Caritas è arrivata in queste zone negli anni Settanta, ma ha messo radici e condotto progetti diversi in base a due variabili: il grado di libertà del Paese ospitante e la presenza o meno di situazioni di guerra. Partendo da Caritas Gerusalemme (il nome non è scelto a caso): qui sono attivi da decenni un discreto numero di cristiani, ma operano sempre sul filo del rasoio data la delicatezza degli equilibri in continuo movimento.
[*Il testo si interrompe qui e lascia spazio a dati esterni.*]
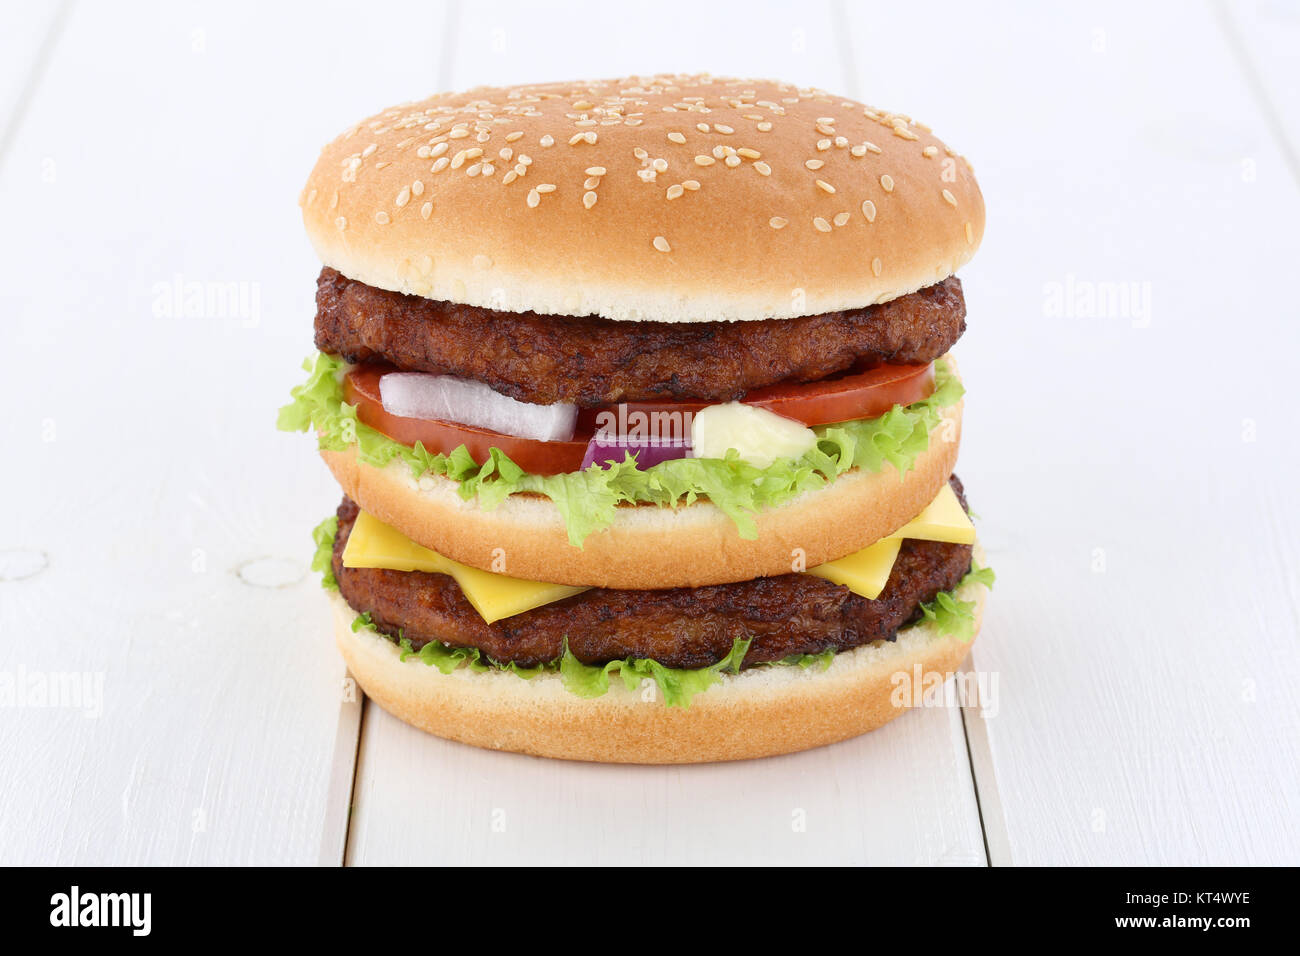 doubleburger double burger hamburger cheese tomato salad wooden board Stock Photo

«In Libano invece, ad esempio - spiega Silvio -, la nostra organizzazione ha potuto svolgere le sue attività di assistenza ad anziani, bambini e disabili in un clima istituzionale favorevole. Lo stesso è accaduto nell’Iraq di Saddam Hussein, o in Siria, dove scuole e ospedali gestiti da congregazioni religiose hanno operato senza difficoltà. Prima della guerra, però: da allora tutto è precipitato, facciamo fatica anche a tenere i contatti con gli operatori locali, si vive nell’insicurezza più totale, per cui si prova, a fatica, esclusivamente a soddisfare i bisogni primari. Continuo a pensare che non siamo realmente consapevoli della gravità della situazione siriana: ce lo dimostra la difficoltà con cui proviamo a raccogliere fondi per l’emergenza tramite le Caritas diocesane. Forse non ci rendiamo conto che nemmeno tutte le intifada palestinesi messe insieme hanno causato tanti morti quanto la guerra civile in Siria».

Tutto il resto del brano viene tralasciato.